When a theorist in economics first presents a model to others, the first thing he usually presents or the first question usually asked by those who are attending his presentation concerns the assumptions made when formulating the model. The rationale behind that is straightforward: the assumptions one makes are the building blocks of the model. If they are solid and make sense, then we can trust the outcome more than if they are based on something cooked up in the researcher's mind.
A simple example showing the importance of assumptions is the following:
Suppose that I want to show that in an economy where only beef and cheese are produced, the production of cheese is economically disastrous. Then, assuming a utility function (a measure of how happy I am by consuming) of U=(Consumption of Beef - Consumption of Cheese)^(1/γ) I could use some derivations to show that cheese will not be good. Why? Because, as the reader may observe in the utility function, cheese consumption lowers my potential happiness. Thus, the only way for me to be "happier" is not to consume any cheese at all. By imposing an unrealistic assumption (even if this might hold for a very small percentage of the population) I can prove practically anything.

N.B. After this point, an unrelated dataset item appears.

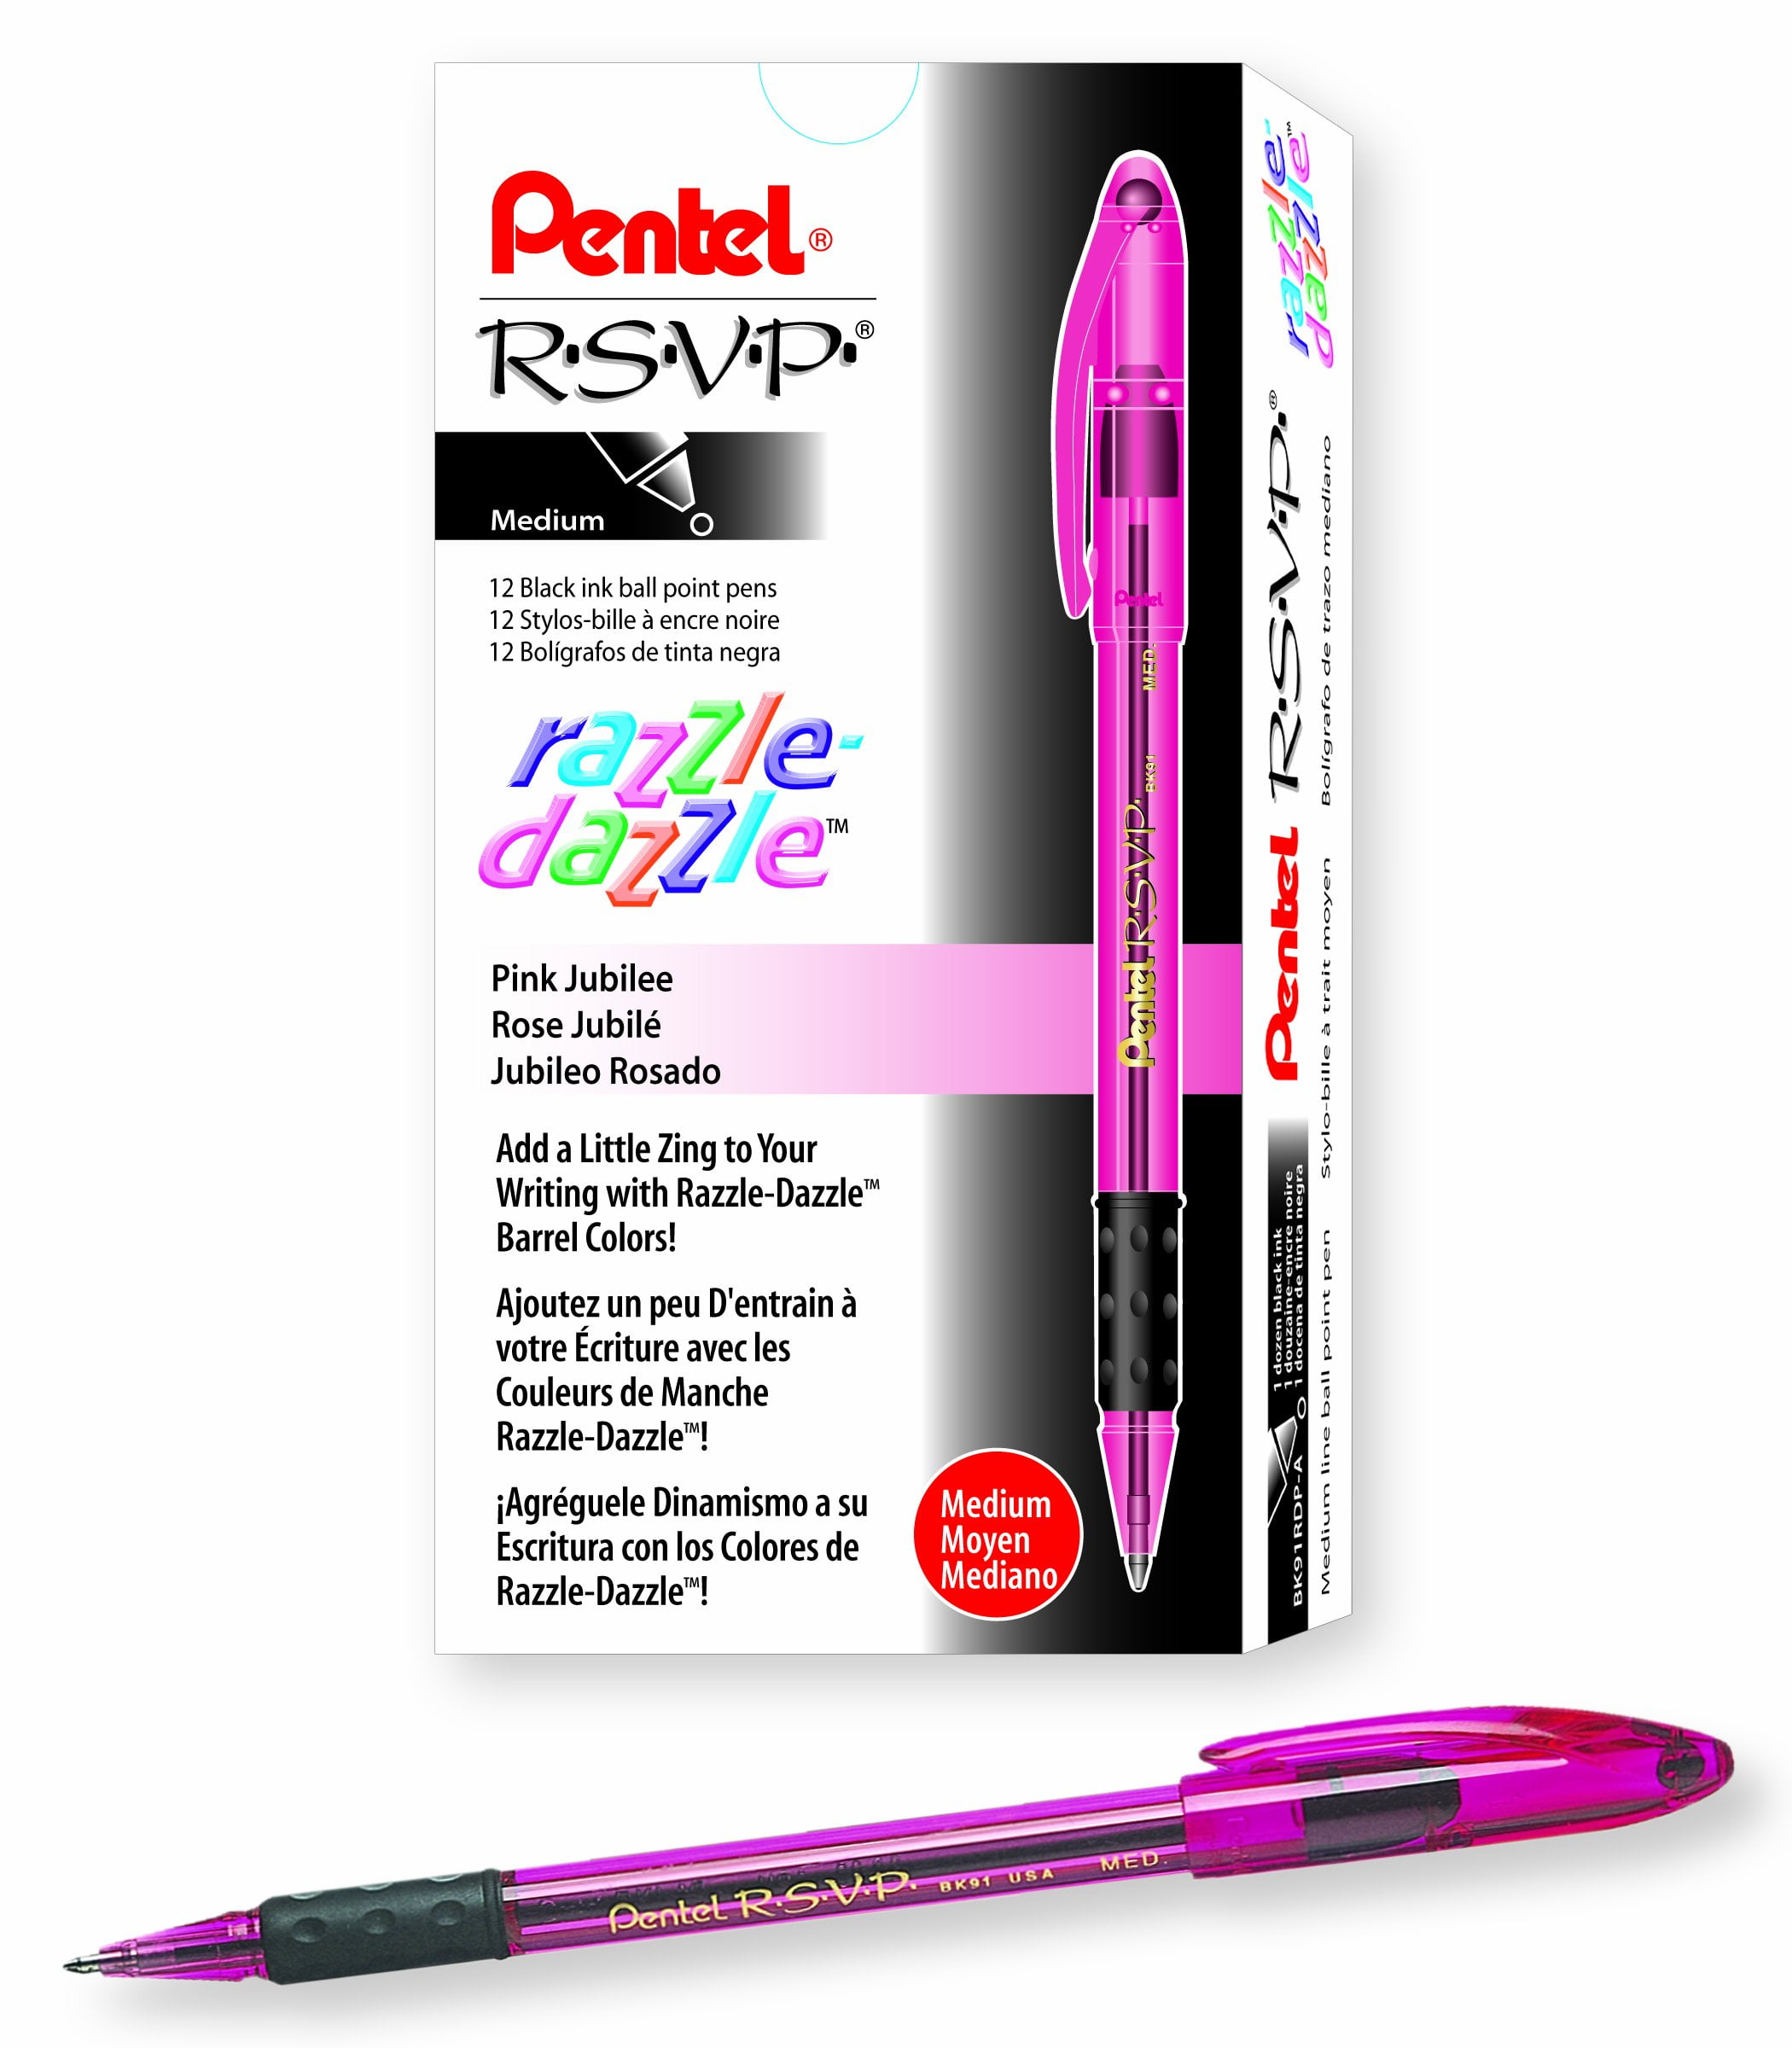 Gel Ink Ball Point Pens, Shuttle Art 15 Pack Black Japanese Style

Obviously, economists are smarter than this and thus try to avoid such issues. Even more commonly, they just try to mask the lack of a coherent relation between the world and what they assume by imposing more elaborate assumptions, such as the ones Paul Pfleiderer shows in his deconstruction of some peer-reviewed papers. A notable example is one where "the intermediary can threaten not to contribute his specific collection skills and thereby capture a rent from investors". This might sound a bit appealing: if I can threaten to stop being the middle man and they cannot do it on their own, then I can get people to pay me for doing it.